Nicht bei den Bremsen. Die müßten erneuert werden. Aber auch das, meine ich,
lohnt sich nicht mehr.“
    Diel wischte sich über die
schweißnasse Stirn. Hatte er eine Wahl? Er stieg ein.

4. Nichts Neues vom
Fensterbohrer
     
    Endlich am Ziel!

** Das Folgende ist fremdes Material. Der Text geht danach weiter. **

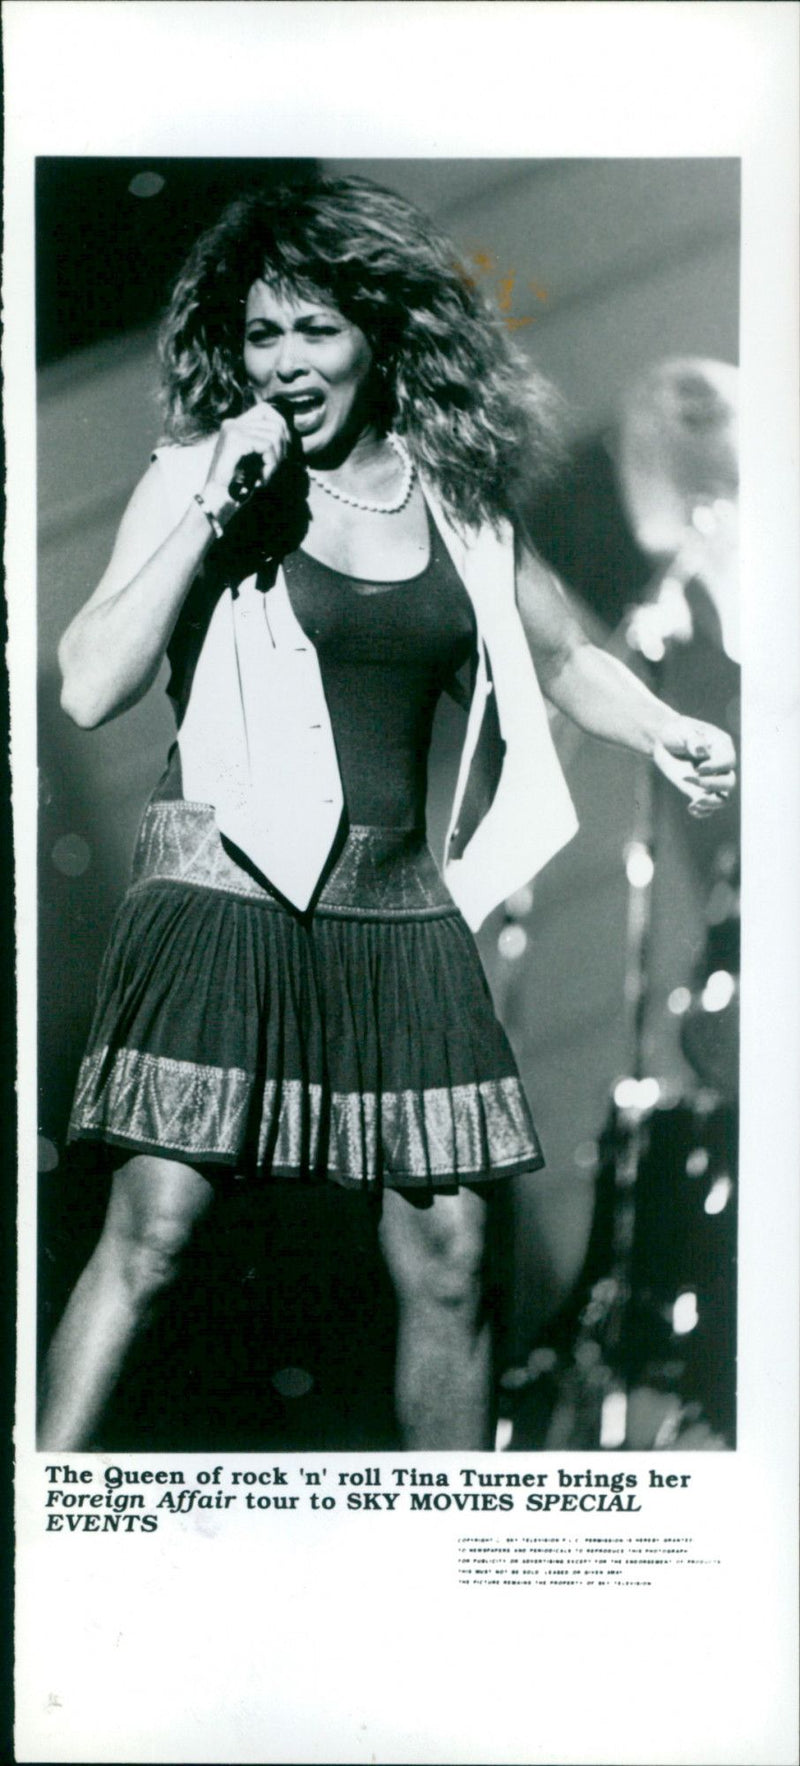 Tina Turner performs at a SKY MOVIES SPECIAL EVENTS FOR PUBLICIT MUSL in Oxford, England. - Vintage Photograph

Der Zug —
ebenfalls ein Intercity — lief in den Bahnhof der Großstadt ein.
    Tim wartete an der Waggontür.
Durch die ziemlich saubere Scheibe sah er das bekannte Bild: die Bahnsteige,
die riesige Stahlkuppel des Sackbahnhofs, zuckende Lichtreklame, das Gewusel
der Reisenden, der Herumlungernden, der Taschendiebe und Dealer.
    Draußen glitt eine Plakatwand
vorbei und dann ein Trio mit Hund, das aufmerksam in die Fenster starrte.
    Gaby sah ihn, riß winkend einen
Arm hoch, und die drei samt Oskar, dem Cocker-Spaniel, liefen mit dem Zug, bis
er hielt und Tim auf den Bahnsteig sprang.